"And he went off without having changed his clothes, even. He stayed away four weeks; no one knew where he had been. One evening he came back. The first question he asked me was: 'Have you heard from her?'--He looked so pale and haggard that I hardly knew him again. His eyes had sunk deep into his head and were burning like coals of fire. 'I did not find her,' he said, when we were alone in the room; 'give me wine, old one; I must drown the hellish fire that burns within me in wine.'
"I pitied the unhappy man; for I felt now only how very dearly I loved him. I told him all I knew about Maria's flight. Contrary to my expectation, he remained quite calm! 'It amounts all to the same,' he said, 'whether she is dead or not. She is dead for me; she could not help herself; she had to leave me; she was too proud to suffer herself to be treated like a dog,--I have treated her like a dog, worse than a dog,--wretch that I am!'
"He beat his forehead with his closed hand; then he threw himself into an arm-chair, put his head in his hands and sobbed. 'And yet I loved her! And I love her still! Oh my God, my God!'
"It was a fearful sight to see wild Harald weep! I lifted up his head; he put it against my bosom and wept, as he had often wept there when he was a boy. I begged him to calm himself. I told him what Marie's last words had been: 'I forgive him all!'
"'And if she has forgiven me, I shall never forgive myself,' he cried. 'Go to bed, old one; we will talk about it tomorrow.'
"But when old Jake came into his room next morning, Harald was lying in high fever. That lasted seven days, seven terrible days. Then it was all over with Harald Grenwitz!"
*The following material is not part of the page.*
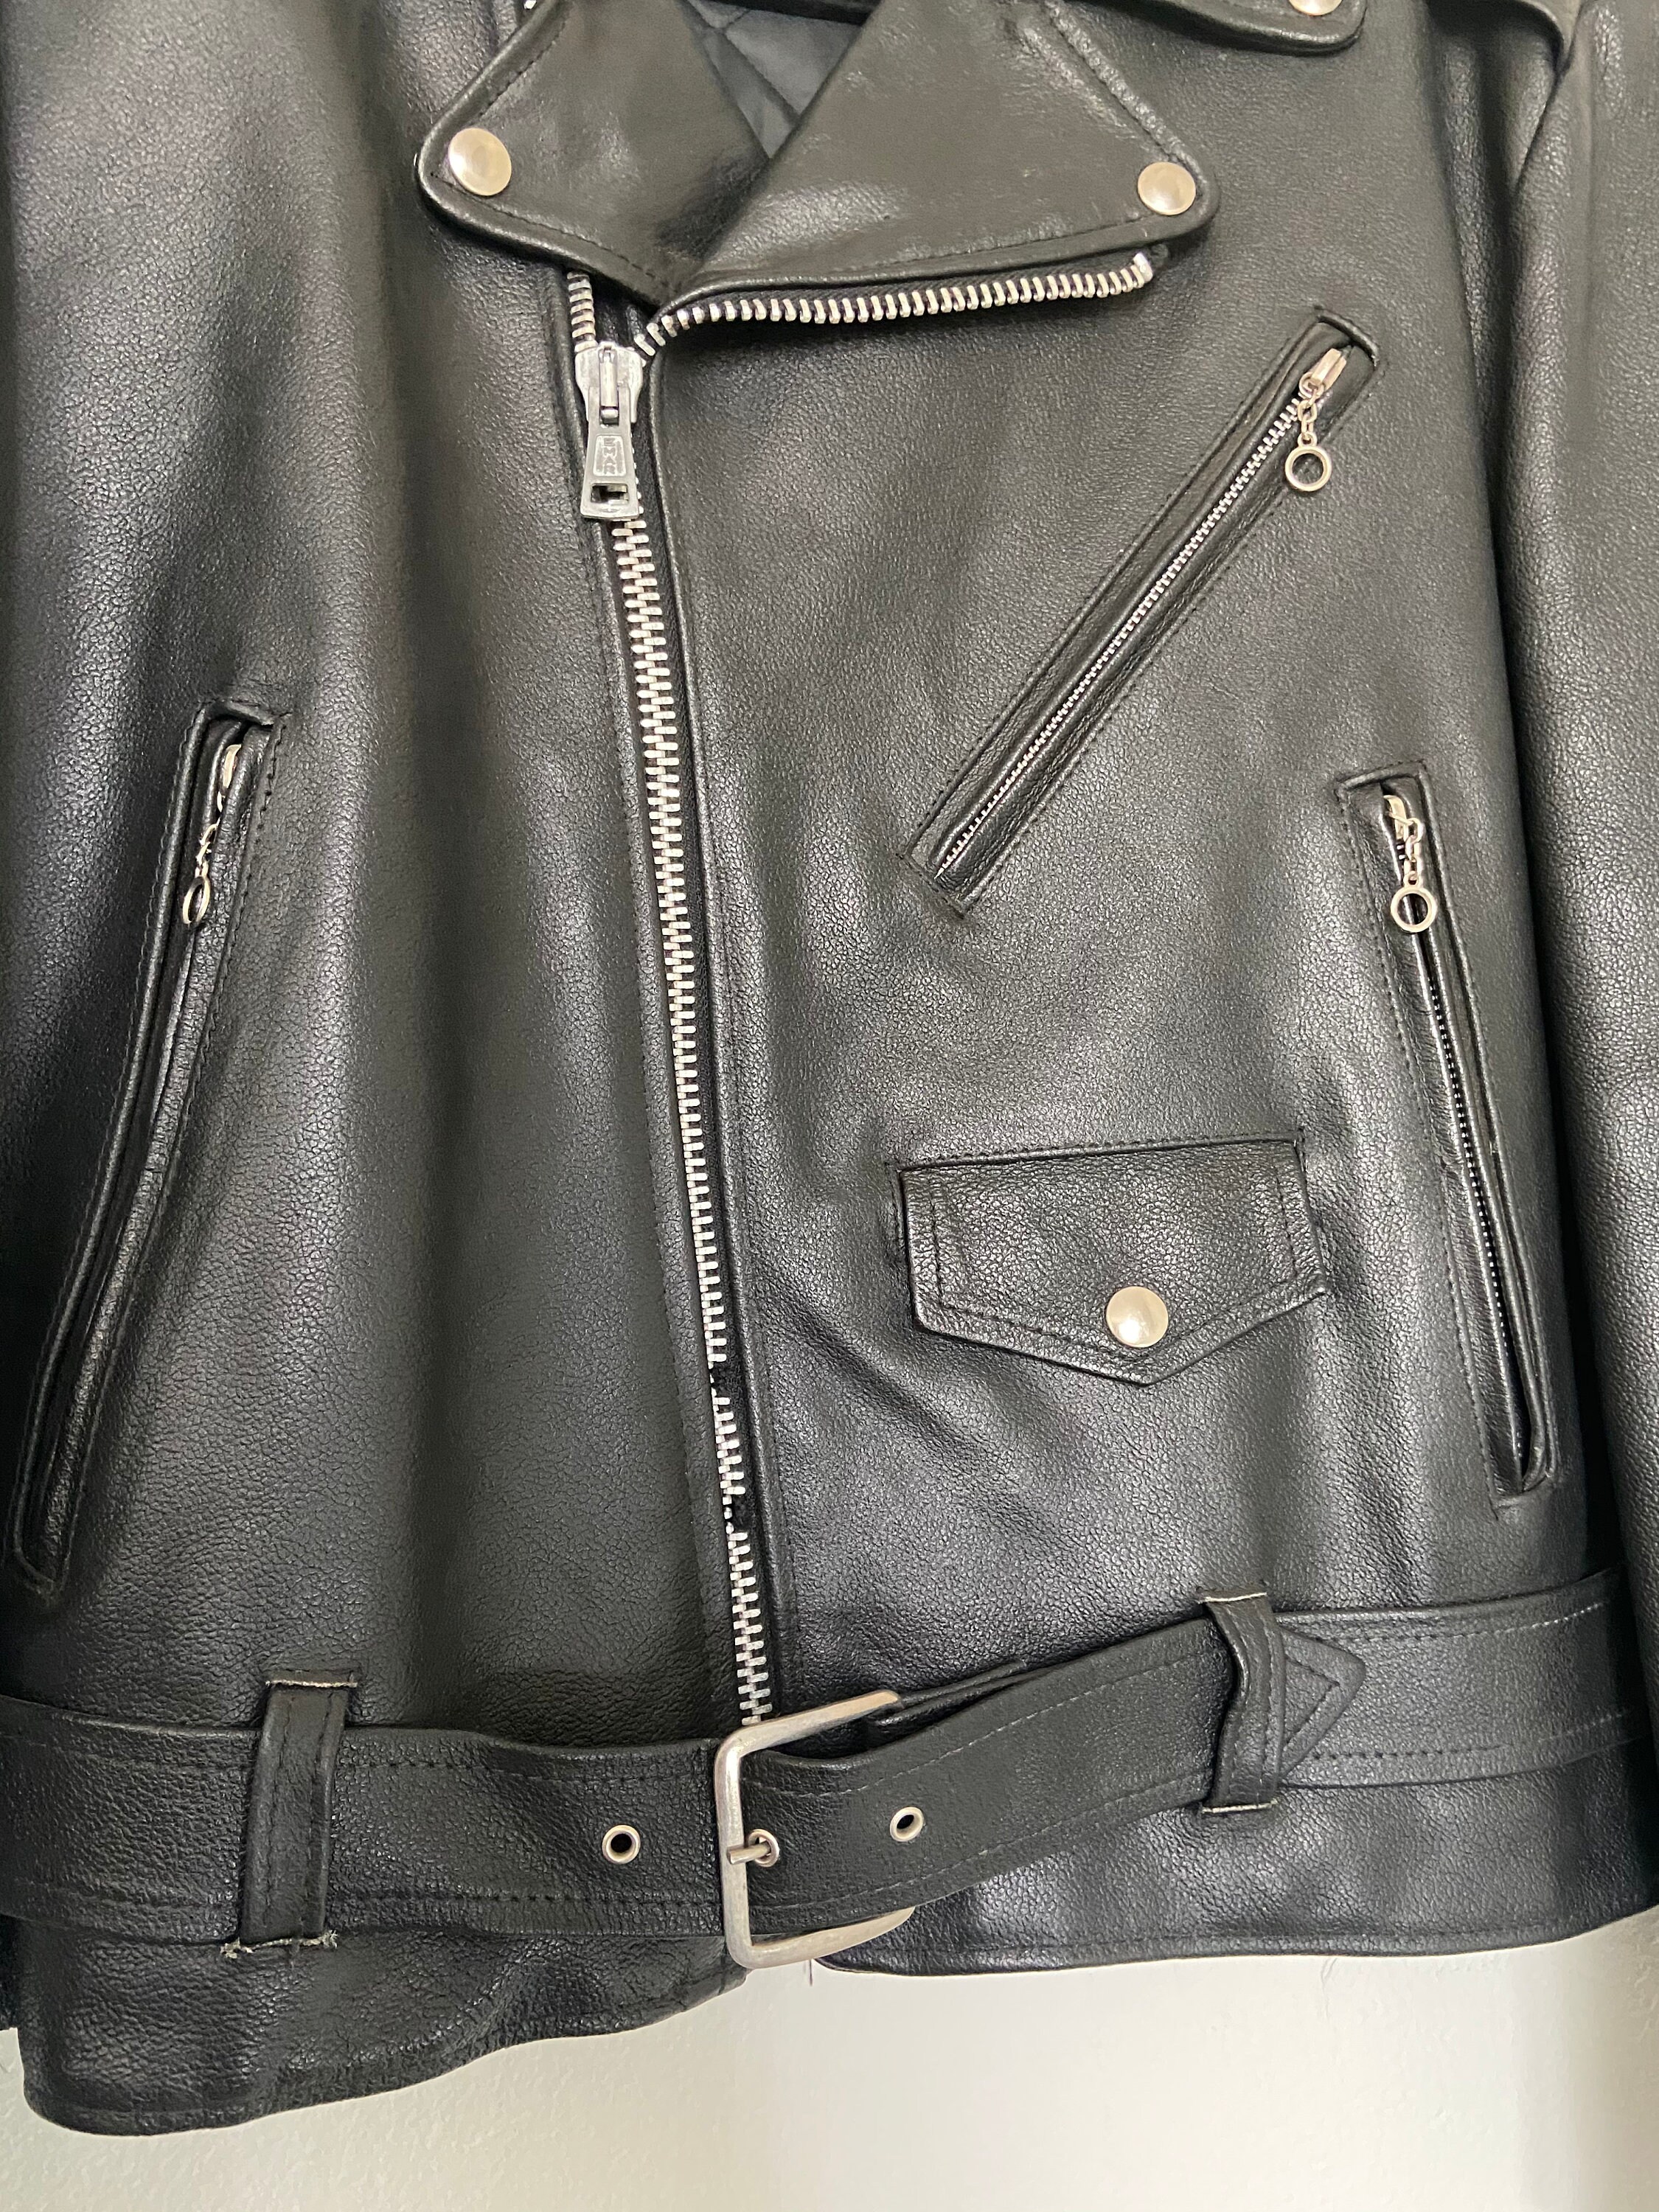 Vintage Black Leather Cropped Biker Jacket - Raleigh Vintage
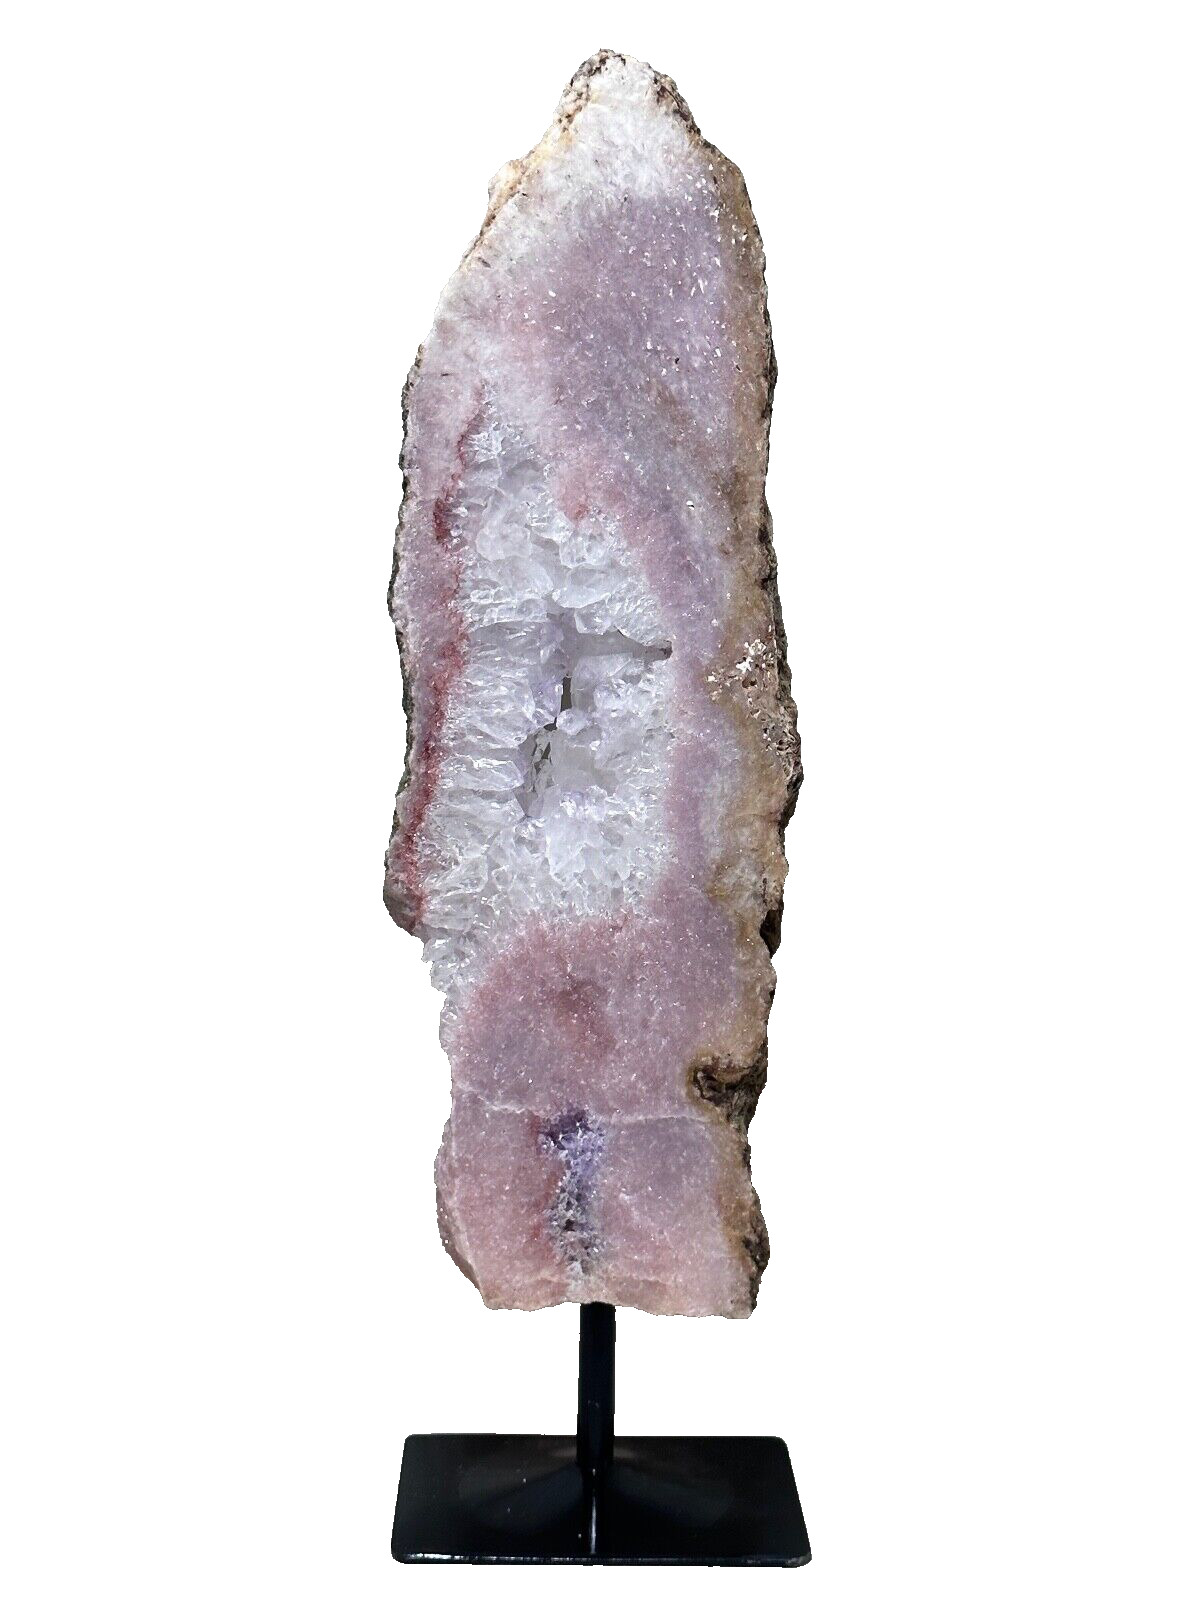 Super Pretty High Grade Pink Amethyst on stand Specimen Crystal Geode Brazil

The old woman paused, smoothed the sock she was knitting over her knee, folded it up and said:
"Well, young master, now you go home. I have to look after the children, who are sleeping in the other room on Jake's bed. It does not rain just now, but it is going to rain worse. Therefore don't stop on the way. Good-by!"
"Come!" said Oswald to Albert, who had just risen from his hard couch and was yawning and stretching his arms. "It is high time, if we mean to reach the château in time for supper. Good-by, Mother Claus."
"Good-by, good-by, young master," said the old woman.